There's some excitement about synthetic gradients to allow less communication and further parallelism.
The hpc community has certainly leveraged 400 GPU clusters.
It seems like a fun problem, and if you want to focus the resources, there isn't anything insurmountable about utilizing 400 GPUs :)
The DeepMind paper on synthetic gradients is super interesting for training in clusters. I hope it gets built into TF soon.
Also really hope there will be more options for GPU hardware on public clouds.
Eventually the pieces will come together and it will be trivial to deploy cloud 400gpus for an hour to run the load your local 4gpu workstation would spend 100 hours on, but we are definitely not there yet.
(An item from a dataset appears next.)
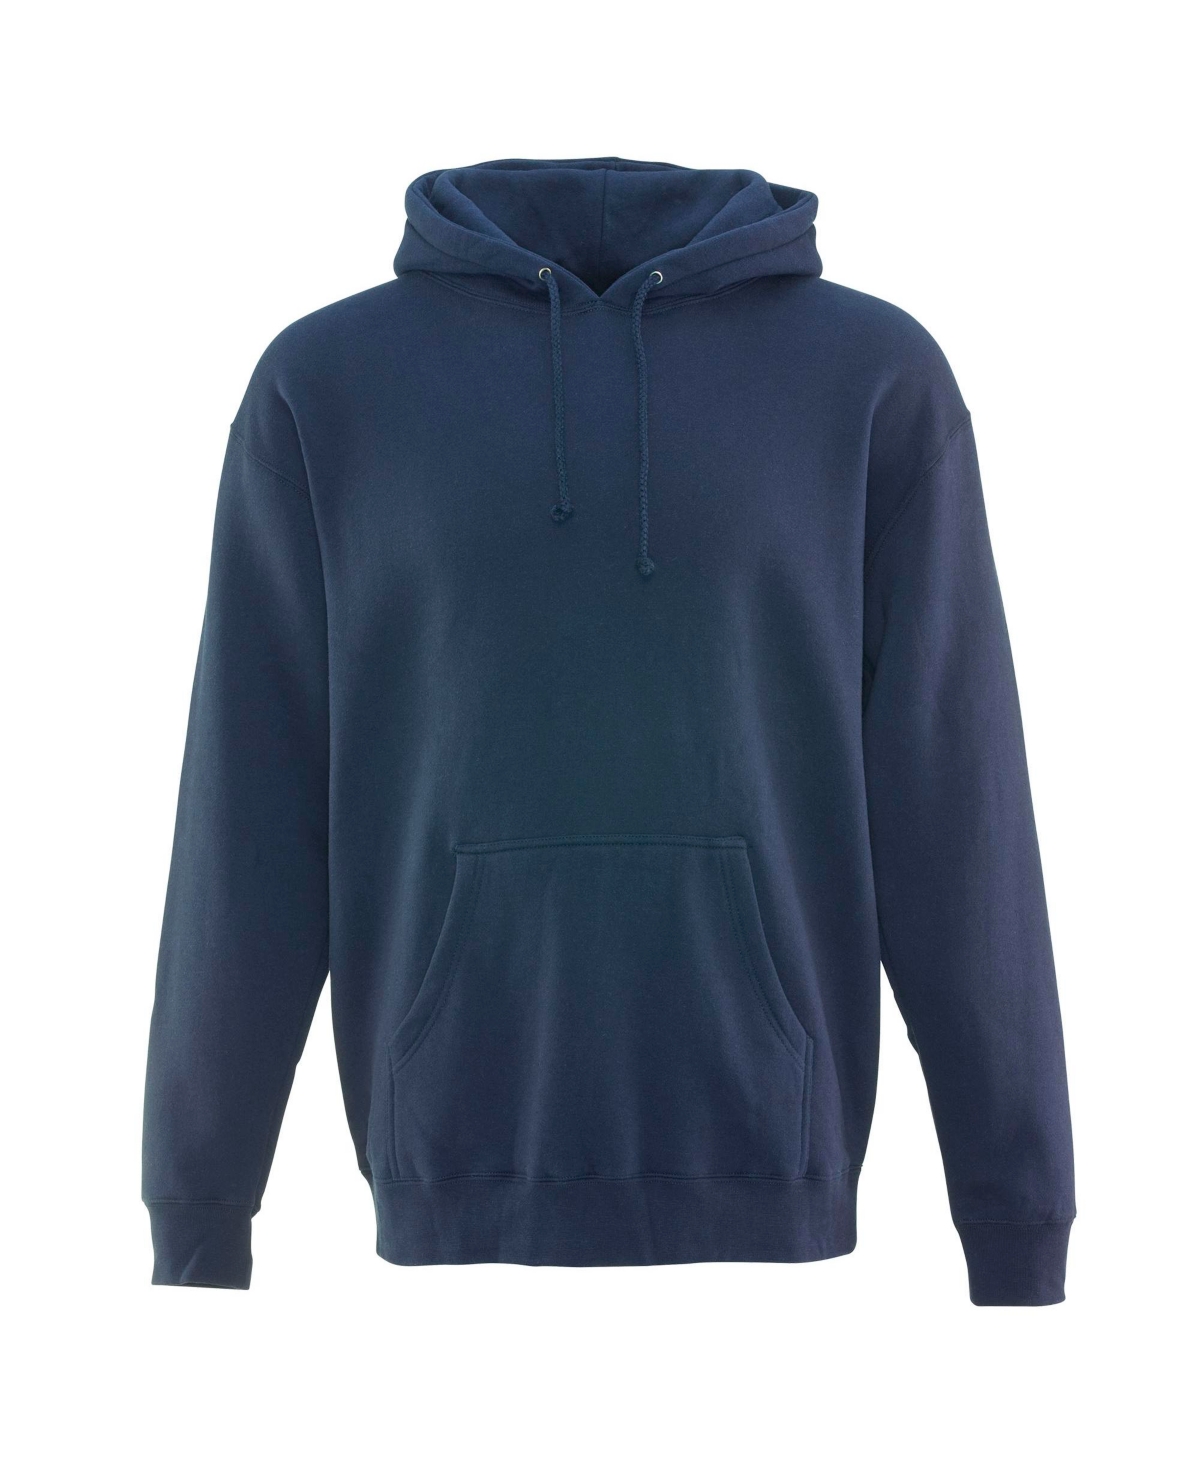 Men's Fleece Hooded Sweatshirt - Navy

We are working on a packaging format called snappy (http://www.snapcraft.io) and starting to talk to TF guys about packaging TF with it (kubernetes is already packaged as a snap) - hopefully this will take some pain away once it's working
I am aware of that. The question was not whether more than 8 GPUs would be useful in ideal circumstances, it was about how many people actually use that functionality with other frameworks other than DL4J?
BTW I do not have any connection with DL4J, nor do I use it.
For Java/Scala people, Deeplearning4j has a pretty sophisticated Spark + GPUs setup:
http://deeplearning4j.org/gpu
http://deeplearning4j.org/spark
http://deeplearning4j.org/spark-gpus
[Disclosure: I help create DL4J, and it's supported by my startup, Skymind.]